25x.450 = 11.25 liters
11.25 liters x 1.286 = 14.47 grams
February 10 2015
Great article and why it’s so important to have a scope at your disposal.. Could we not have used a volumetric efficiency calculator to see how the MAF is performing.. Come to think of it.. engine at high rpm and the MAF working well maybe the volumetric efficiency calculator wasn’t the best way in this instance.
February 04 2015
Really informative article that is much appreciated. I don’t understand why (Therefore 50 rev per second / 2 = 25 intake strokes per second
25 X 1.8 litre = 45 litres per second) if there are 2 intake strokes per revolution wouldn’t you mulitiply 2 rather than divide? What am I missing?
Thanks so much, Gary
February 02 2015
Great writeup, and a clear example of using non intrustive tooling to find the fault.
My only question is why wasn’t the MAF reading monitored more closely on the scan tool? I appreiate you stated that it was flucuating during the test, but using a graph plotter (like in your last screengrab) whould show the clear excess of air, as you had already discovered the issue was either air or fuel related.
Great study though and explains well how to approach Fuel trim issues, a grey area for a lot of people!
ps. I have taken note of your Maths Channel tutorial, very good!!
January 31 2015
The CLV of 43.52% at idle is also a strong indication of an over-reading MAF.
January 31 2015
Thank you for a very interesting case study.
I think I would have worked out the mass airflow differently, “E.g. our normally aspirated 1.8 litre, 4 cylinder, 4 stroke engine running at 3000 rpm would consume:
3000 RPM / 60 = 50 Rev per second (Hz)
For each engine revolution of our 4 cylinder engine we have 2 x intake strokes
Therefore 50 rev per second / 2 = 25 intake strokes per second”

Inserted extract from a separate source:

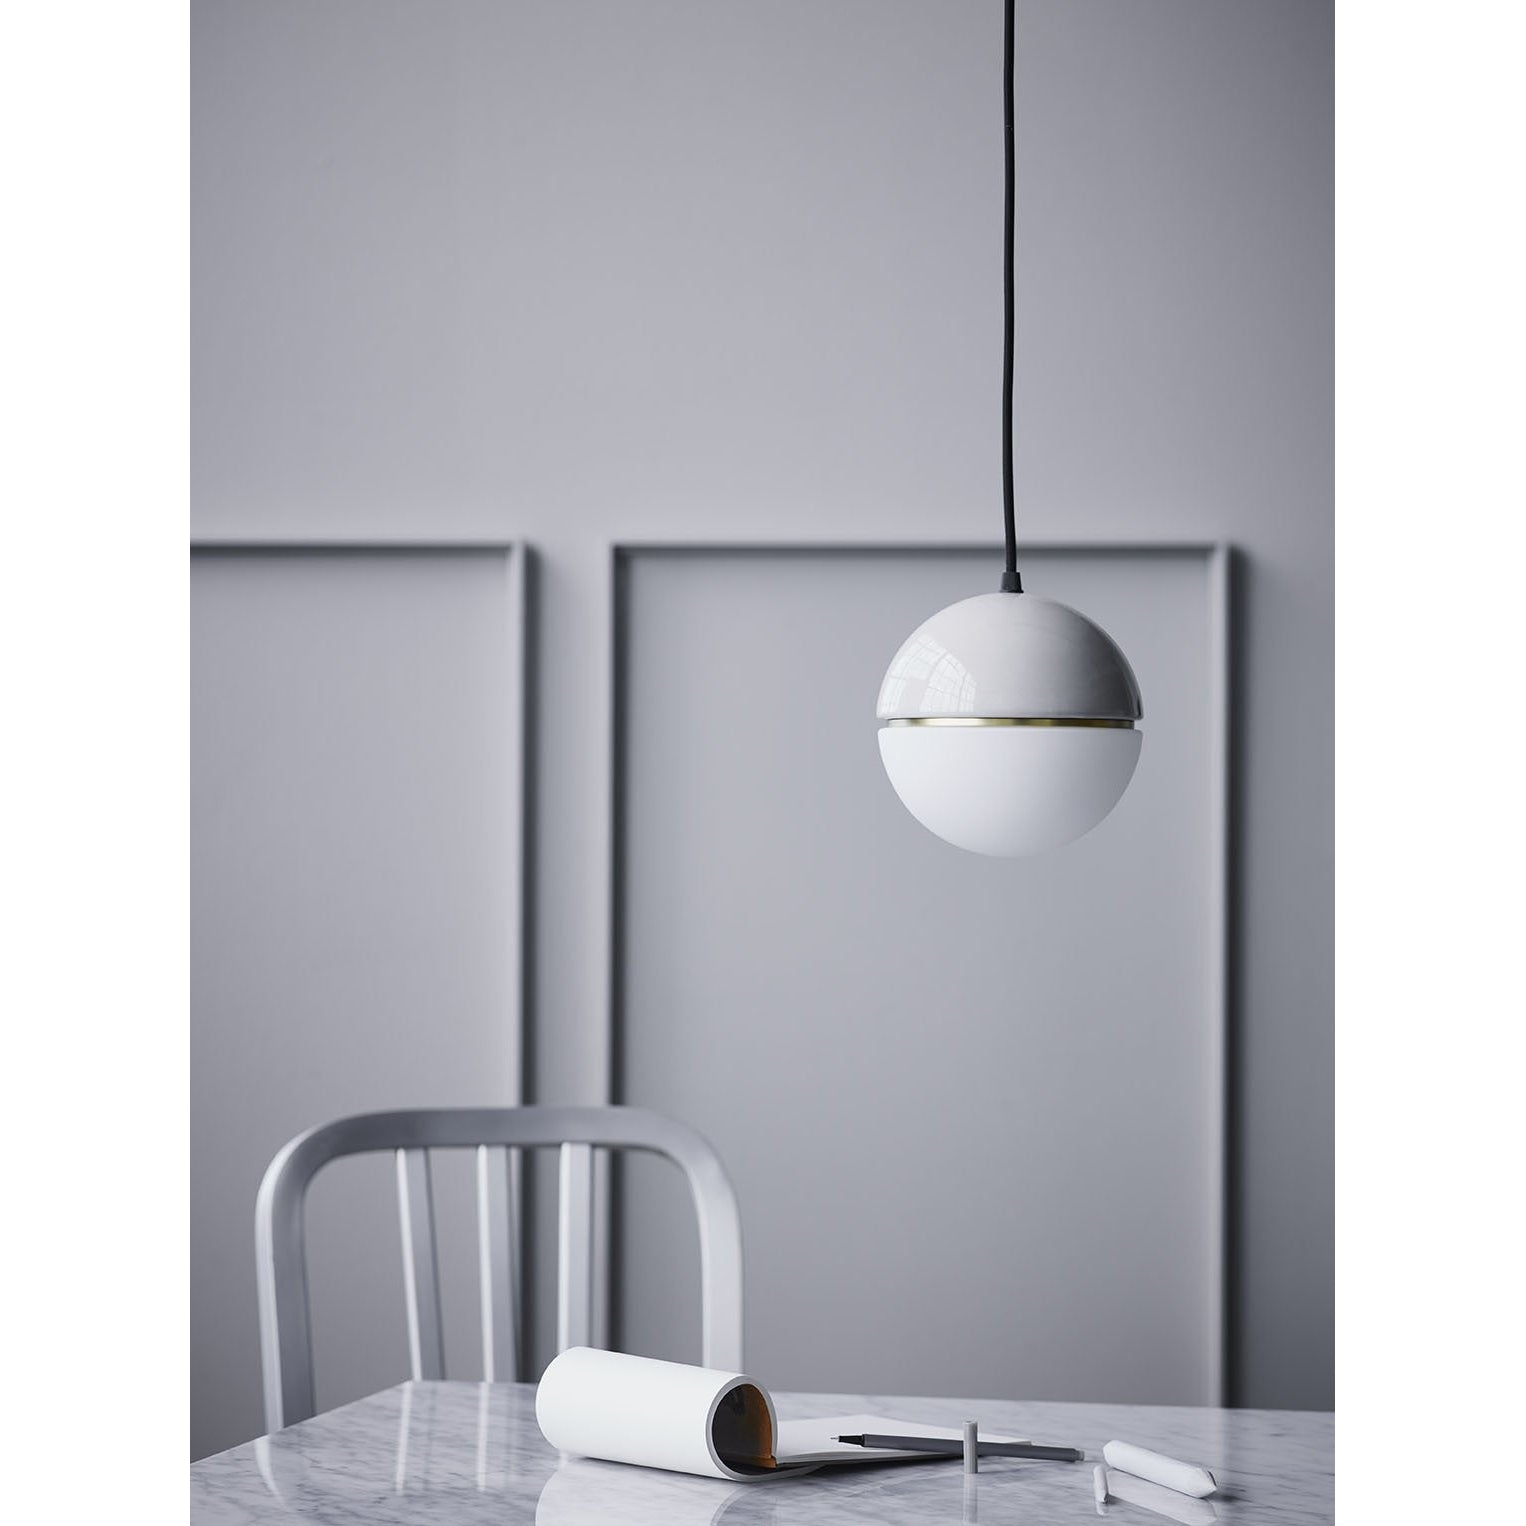 Lucie Kaas Macaroon Lámparas de color gris claro, Ø 16 cm

Surely, in a four cylinder, 4 stroke eng there are 2 intake strokes per revolution therefore 50 rev’ per sec * 2 = 100 intake strokes per sec and each intake stroke is worth .45 lt (i.e. capacity of one intake stroke assuming 100% volumetric efficiency). 100 intake strokes * .45 lt = 45 lts. Arrives at correct answer but by a curious process. Perhaps I am oversimplifying it.

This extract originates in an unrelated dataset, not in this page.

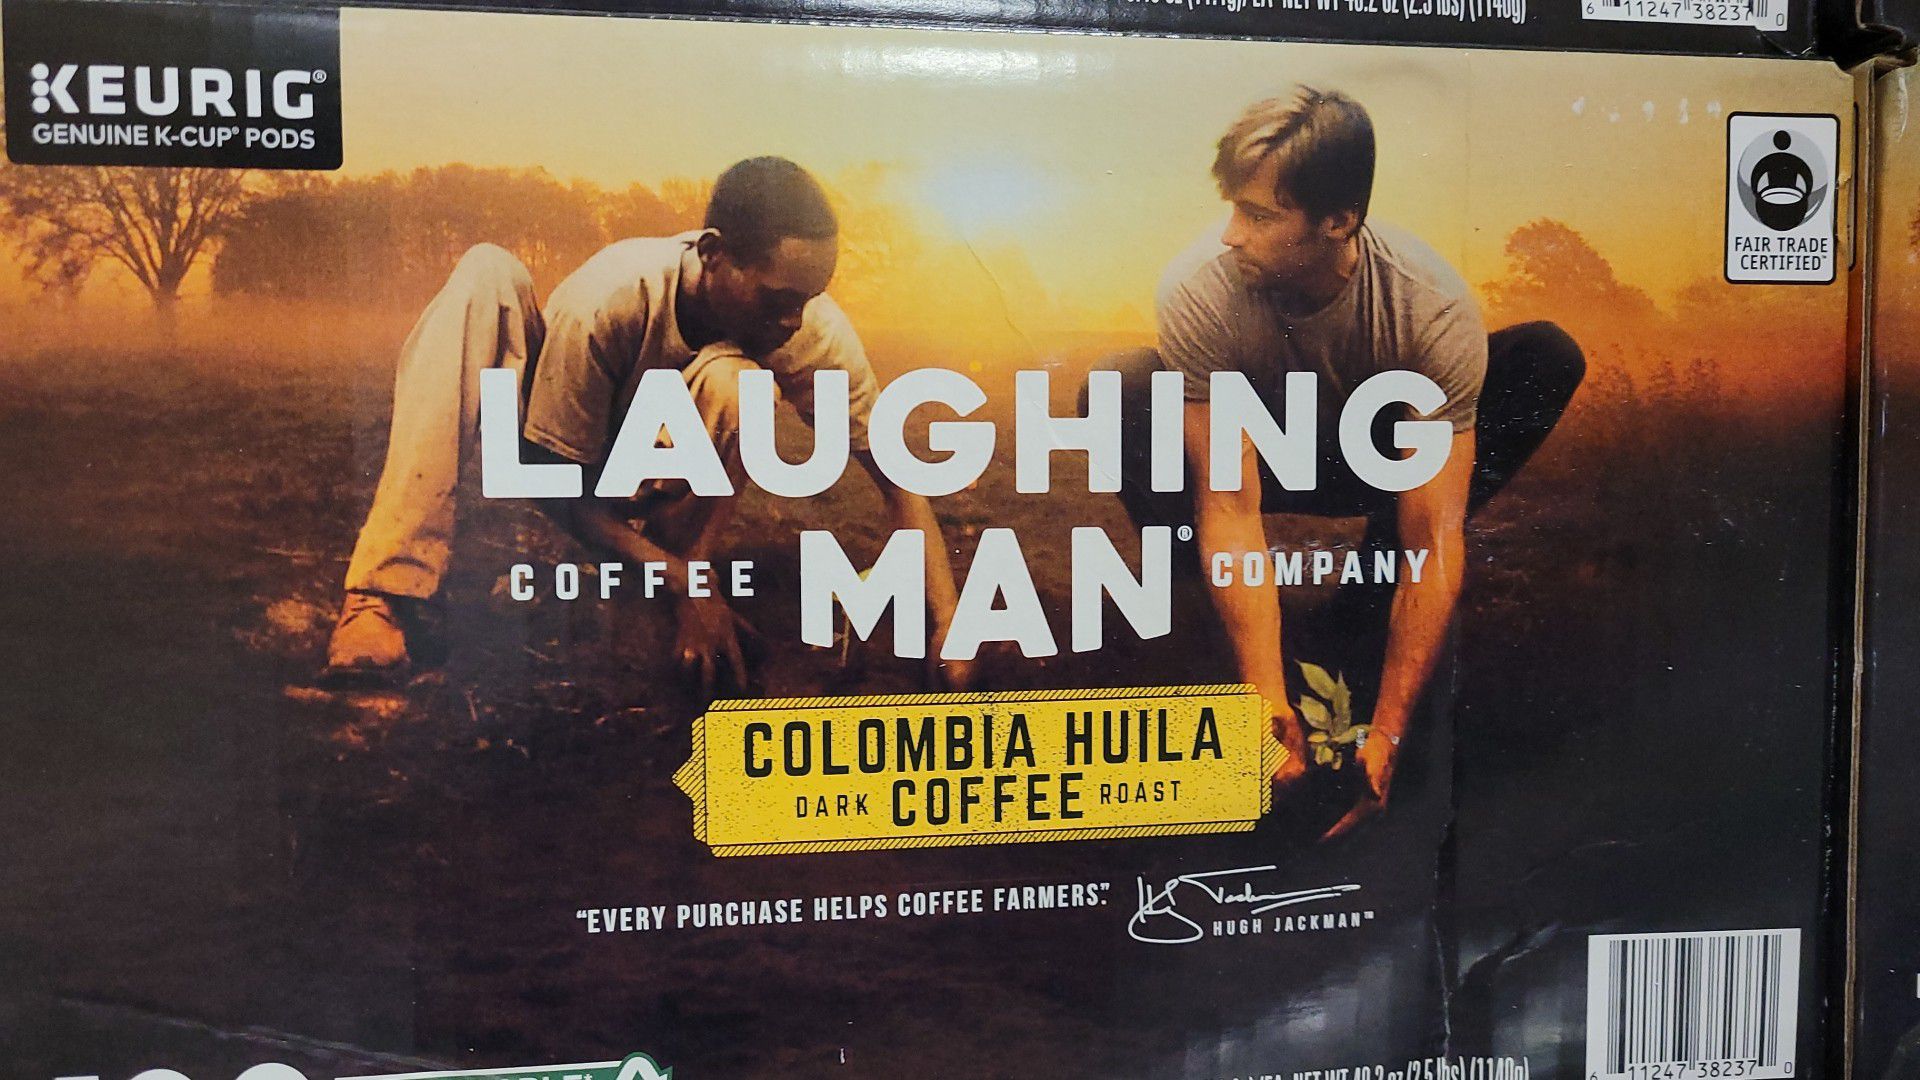 Coffee laughing man

The study certainly high lights the need for the application of various pieces of diagnostic equipment and approaches, keeping an open mind and gathering as much detailed information as is required to form an accurate diagnosis.
January 30 2015
January 30 2015
This is real awesome info. You do need experience to resolve problems as such, and also your Picoscope at your side. Great stuff man!!!
January 30 2015
Noticed the calculated engine load dropped almost in half after replacing MAF. Seemed awful high with bad MAF in original scan data. Nice case study.